#### DATA SHOWN ####

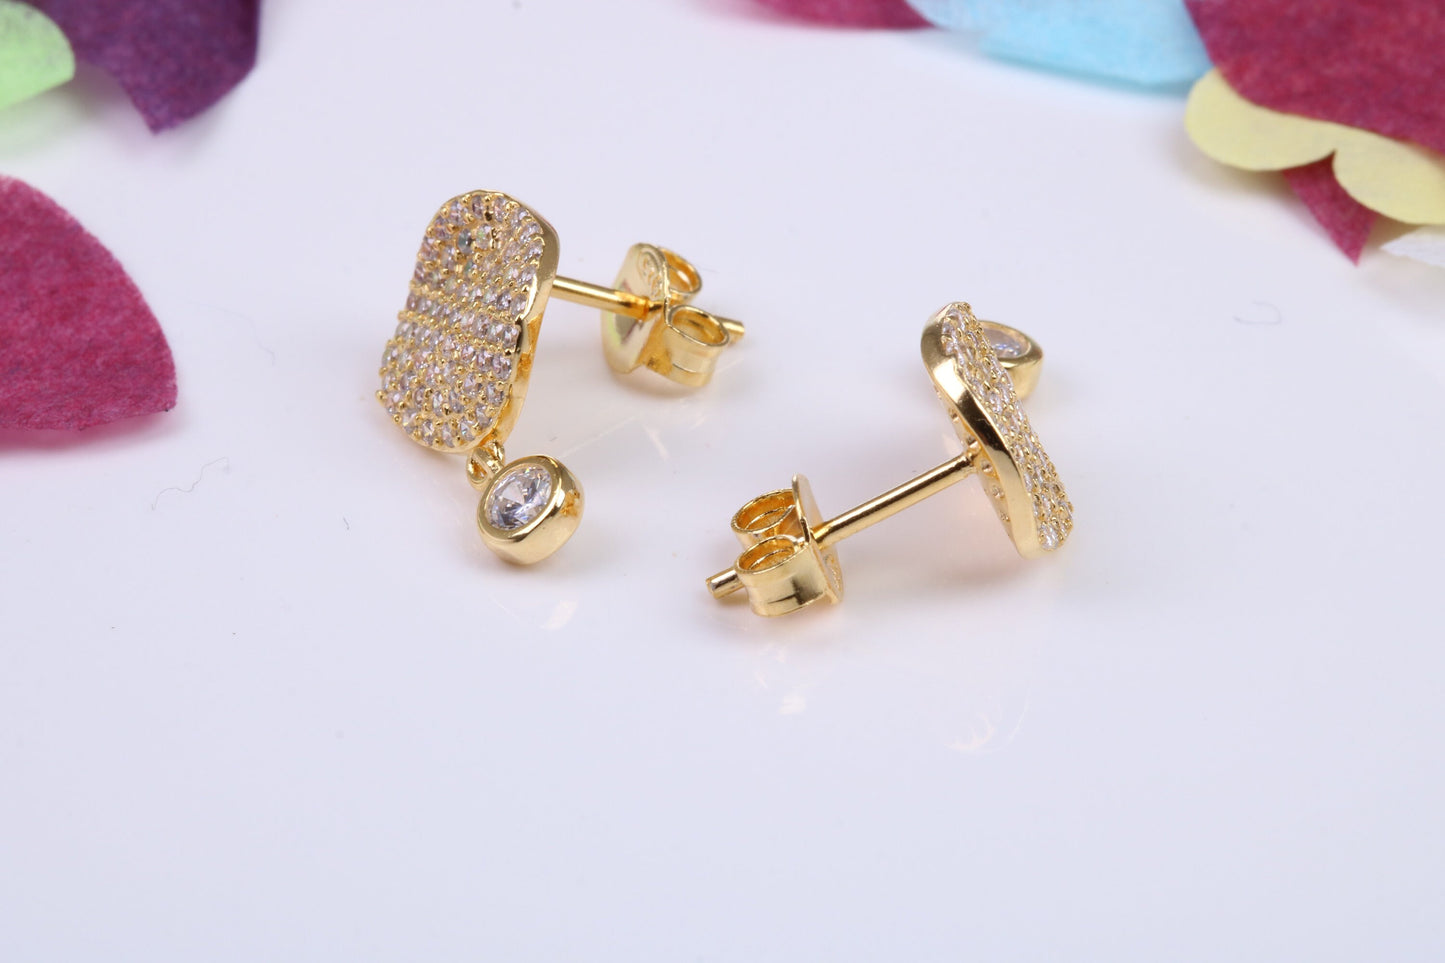 10 mm Round Dropper Stud Earrings, Cubic Zirconia set, Made from Solid 925 Grade Sterling Silver. Yellow Gold Plated
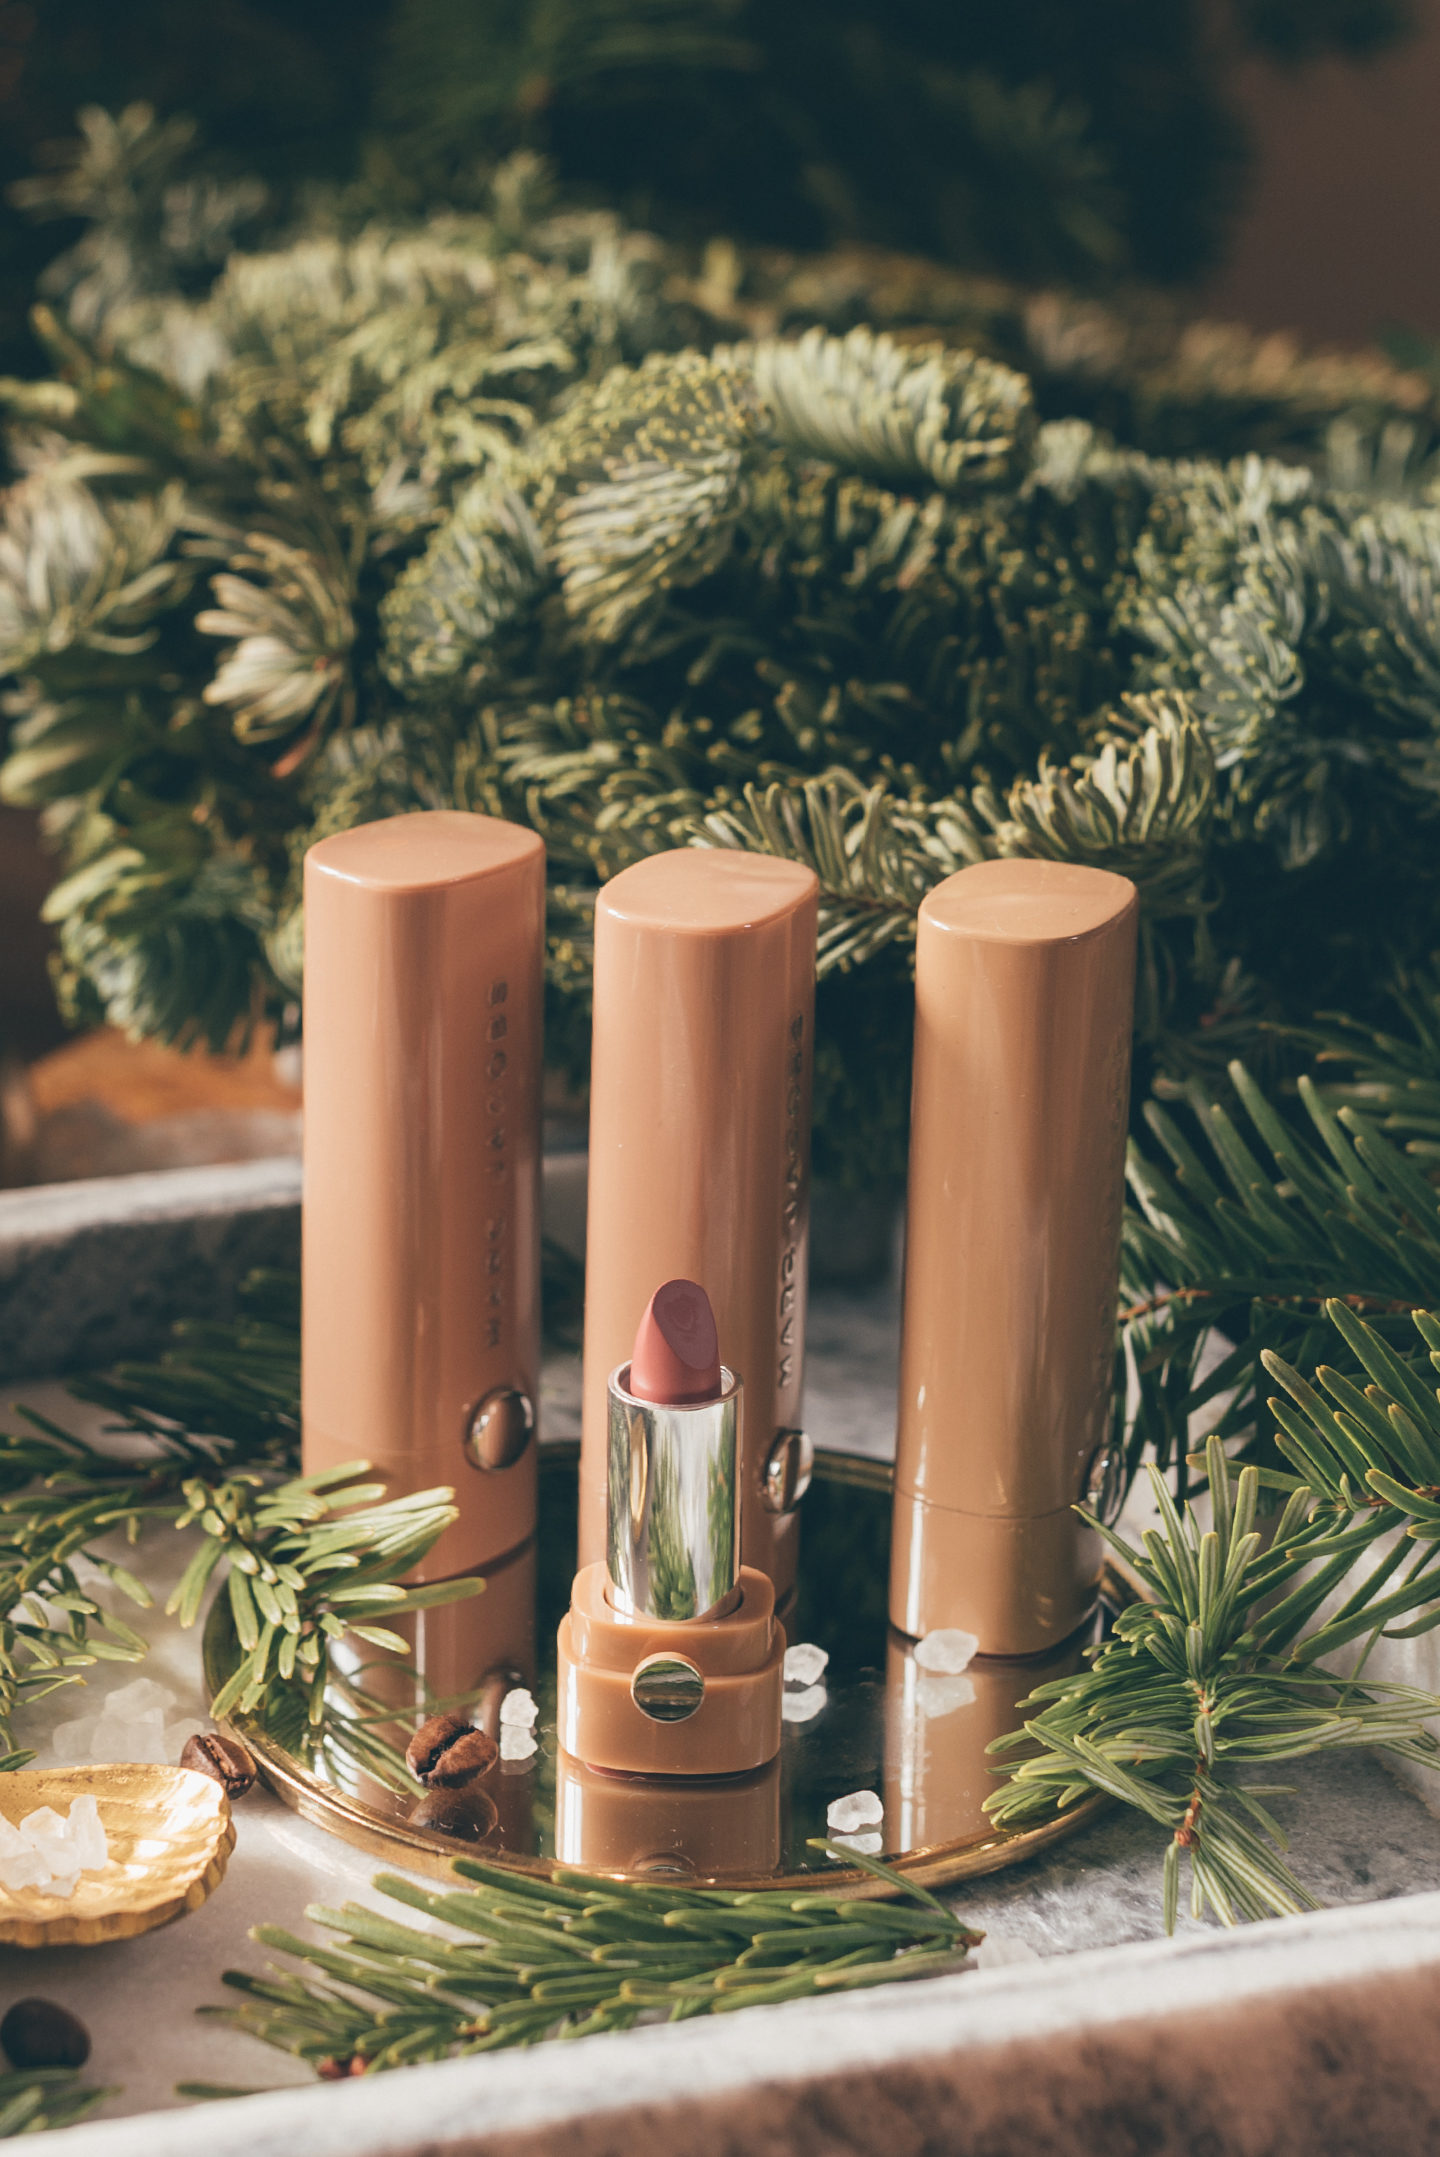 Gift Guide Cruelty Free Beauty Linda's Wholesome Life Marc Jacobs Beauty
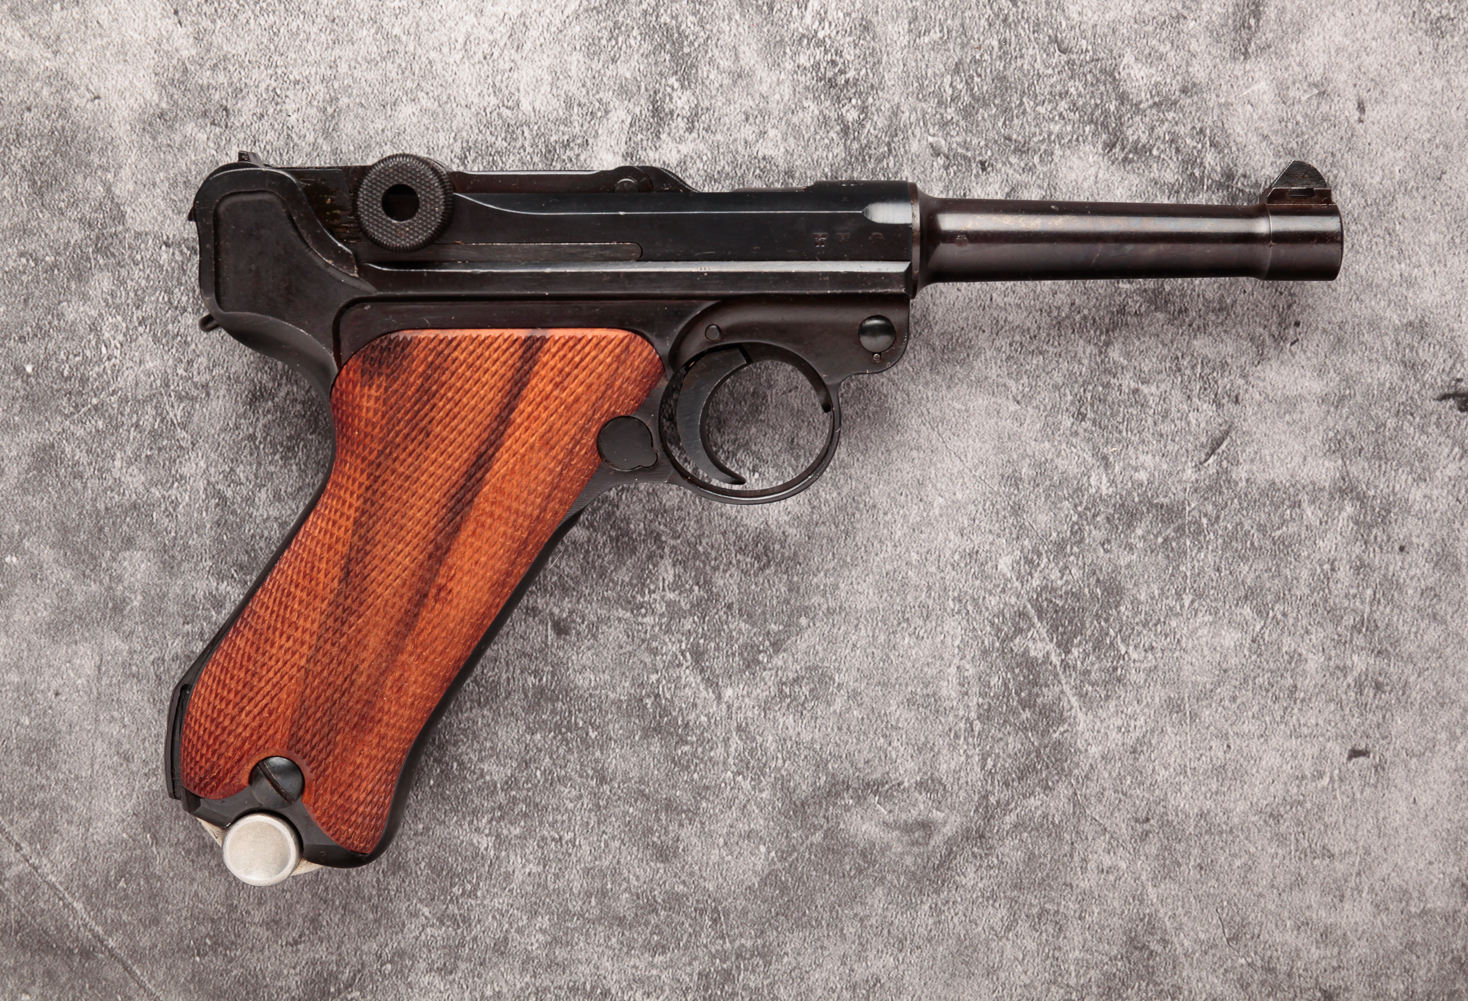 1938 LUGER S/42 9MM SEMI AUTOMATIC

####

[REQUIRED ACTION] What you need to retype is every line from the one that has "Gift Guide Cruelty" through the last line of the listing, both included, with the pictures left out.

[REPLY TO THE EXERCISE]
 Gift Guide Cruelty Free Beauty Linda's Wholesome Life Marc Jacobs Beauty
 1938 LUGER S/42 9MM SEMI AUTOMATIC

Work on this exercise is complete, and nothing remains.